L’automutilation est-elle répandue?
Bien des gens pensent qu’on s’automutile pour attirer l’attention. La plupart des personnes qui s’automutilent vous diront que ce n’est pas le cas. Elles essaient habituellement de garder leur comportement secret. D’ailleurs, c’est pour cette raison que les chercheurs ont de la difficulté à établir l’ampleur exacte du comportement. Des études ont révélé qu’entre 1 à 14 % des jeunes s’automutilent. La plupart commencent entre l’âge de 13 et 15 ans. Selon des recherches antérieures, l’automutilation est beaucoup plus fréquente chez les filles que les garçons. Or, on constate maintenant que cette différence n’est pas aussi prononcée qu’on le pensait. Le comportement d’automutilation atteint habituellement son maximum entre l’âge de 16 et 25 ans.
Pourquoi?
On trouve des personnes qui ont des comportements d’automutilation dans toutes les cultures et tous les milieux, quel que soit leur sexe. Les jeunes disent souvent que c’est une façon de gérer le stress. La plupart du temps, mais pas toujours, l’automutilation est associée à l’anxiété, à la dépression ou au trouble de la personnalité limite.

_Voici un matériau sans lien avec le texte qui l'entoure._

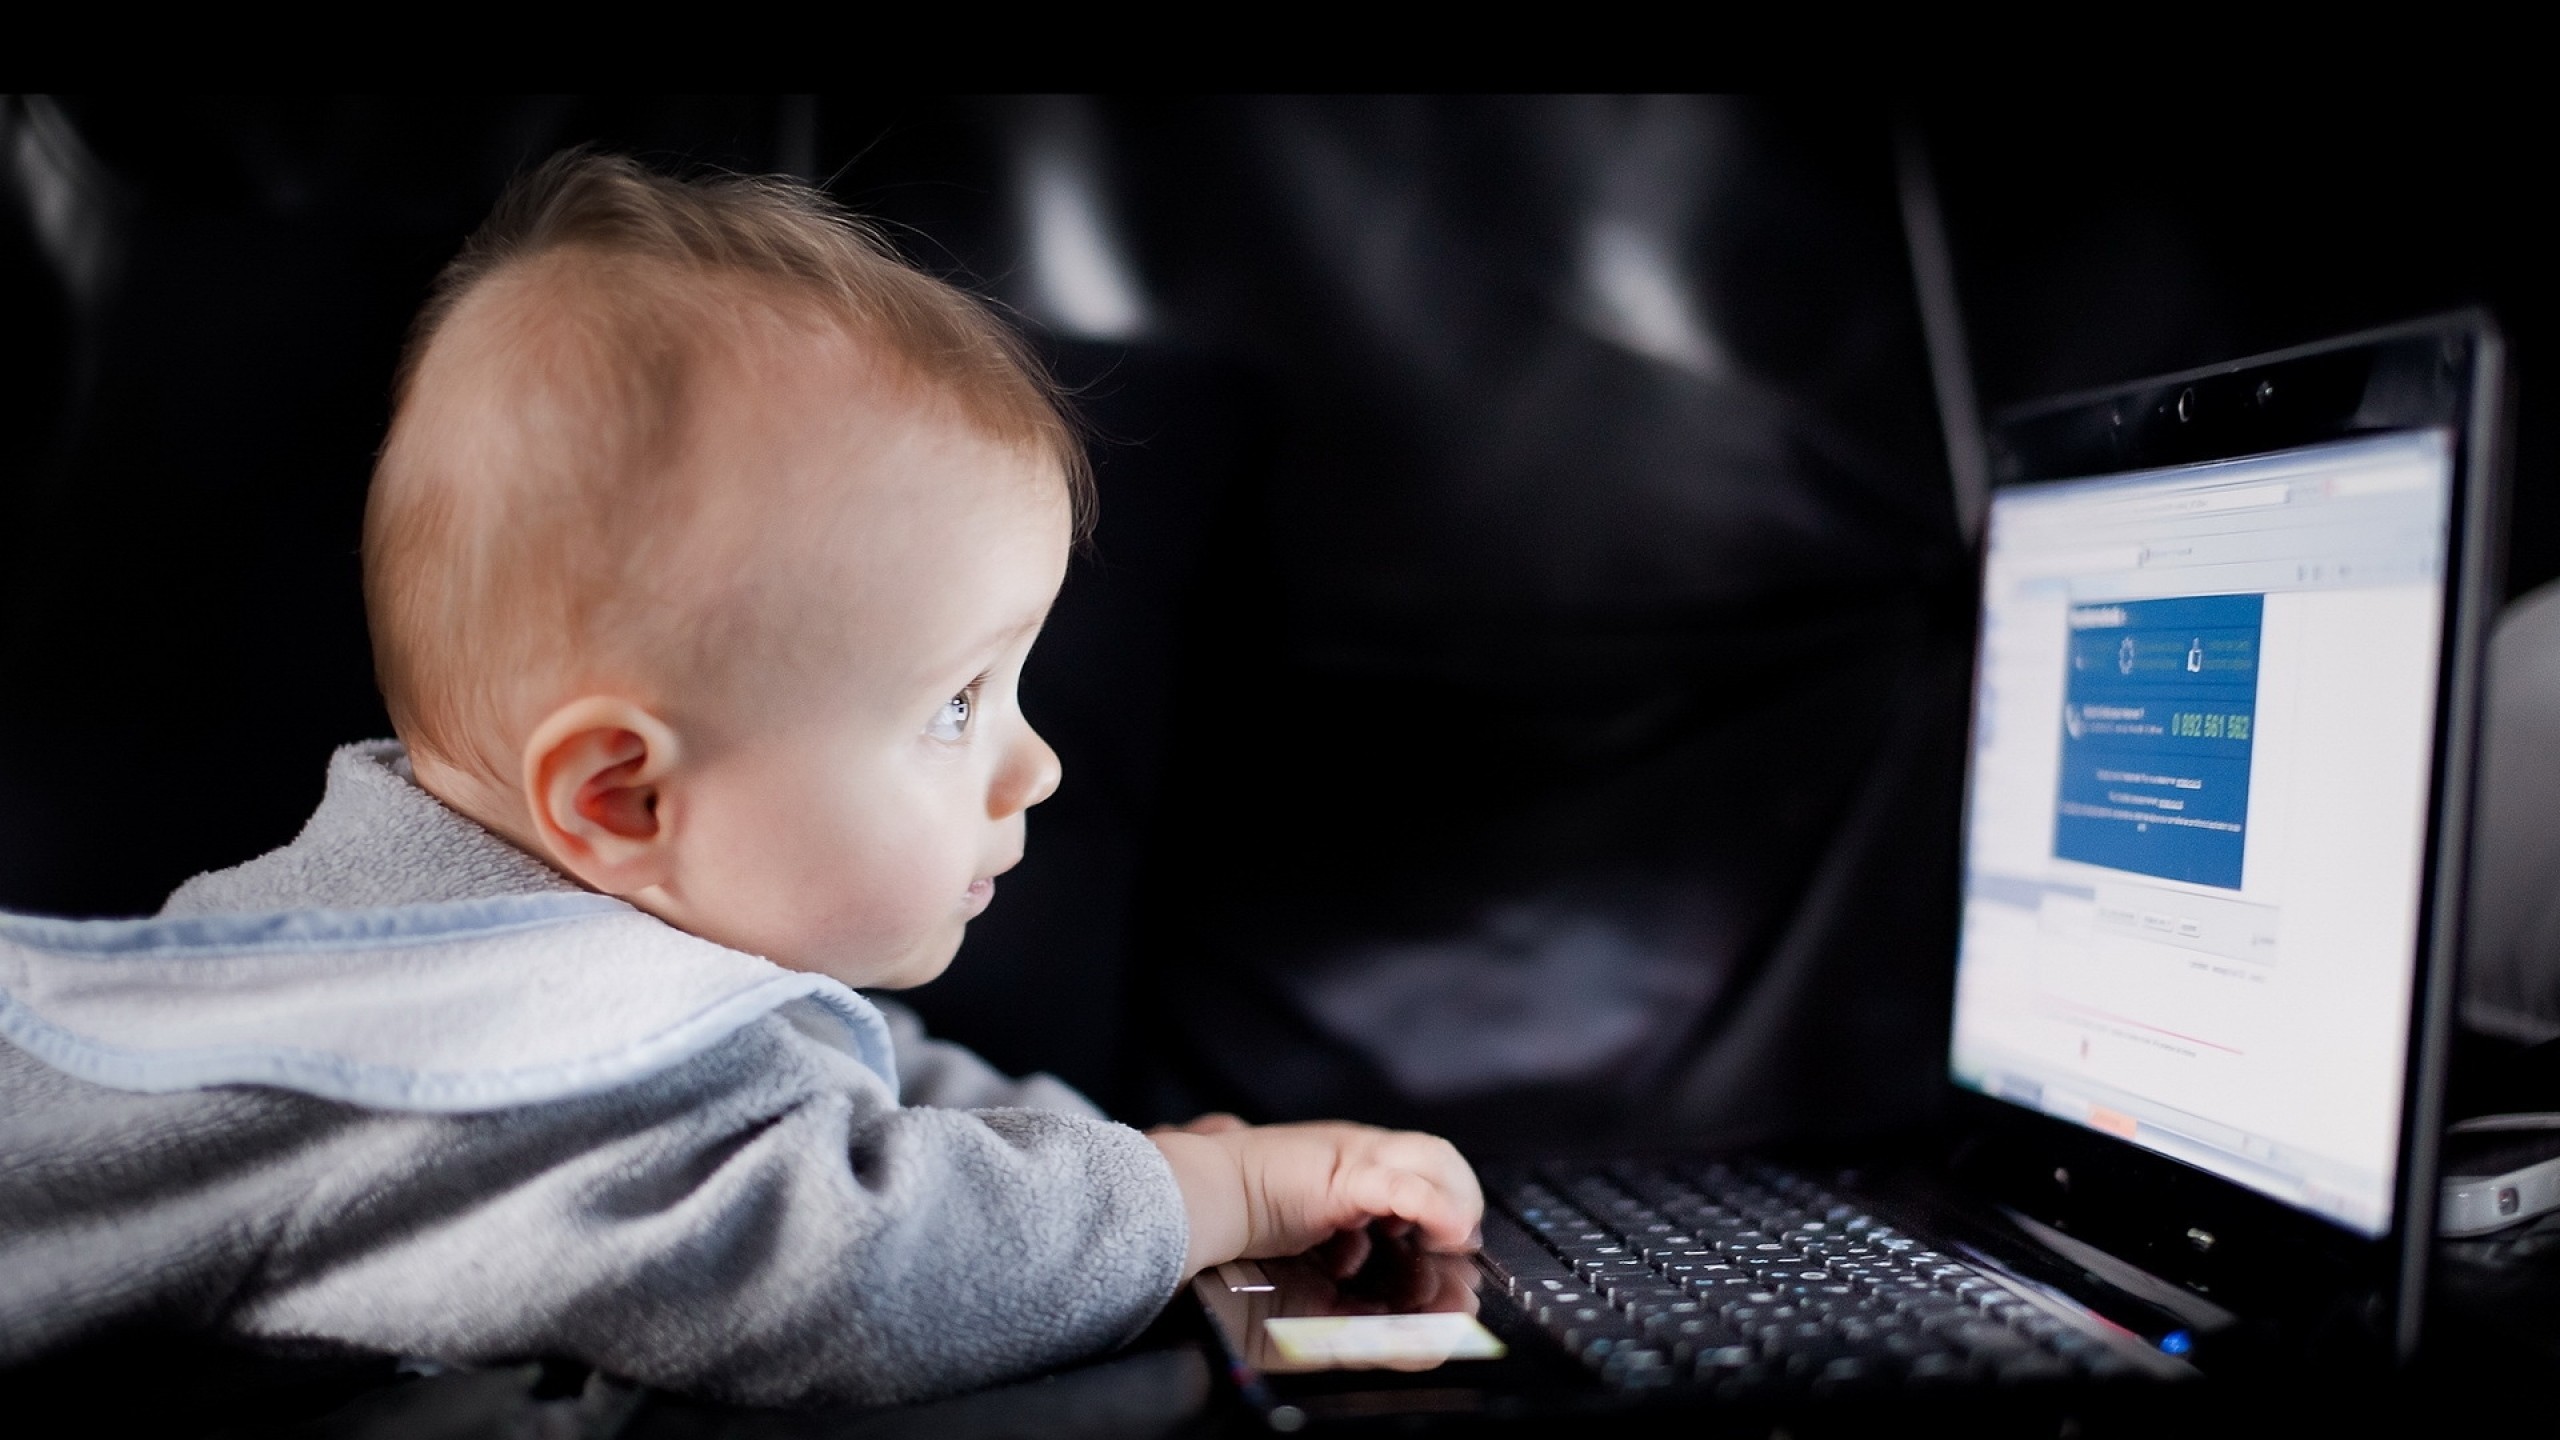 Rebyonok. Маленький компьютер для детей. Ребенок за компьютером. Малыш за компьютером. Маленькие дети в интернете.

Les jeunes s’automutilent pour :
- Soulager une souffrance, une détresse et des émotions aiguës;
- Atténuer un sentiment de vide intense;
- Exprimer leur douleur ou leur détresse à d’autres personnes;
- Avoir une impression de retrouver le contrôle;
- Se punir et exprimer une colère envers elles-mêmes;
- Réduire l’anxiété.
Une personne qui s’automutile ne le fait pas pour attirer l’attention, mais c’est un signe qu’elle a besoin d’aide. Il est naturel d’avoir du stress et des problèmes, mais l’automutilation est une façon malsaine d’y faire face. L’automutilation est un comportement qui est un peu comme une dépendance. Si elle n’est pas traitée rapidement et tôt, elle pousse la personne à le faire de plus en plus souvent et à se faire de plus en plus mal chaque fois.
Comment se développent ces comportements?
Cette façon malsaine de réagir au stress semble arriver quand la personne vit des émotions désagréables et qu’elle n’a pas appris ou ne connaît pas d’autres moyens plus sains de les gérer. Le chercheur N. Slee et son équipe ont créé, en 2008, le modèle suivant pour nous aider à comprendre comment les comportements d’automutilation se développent.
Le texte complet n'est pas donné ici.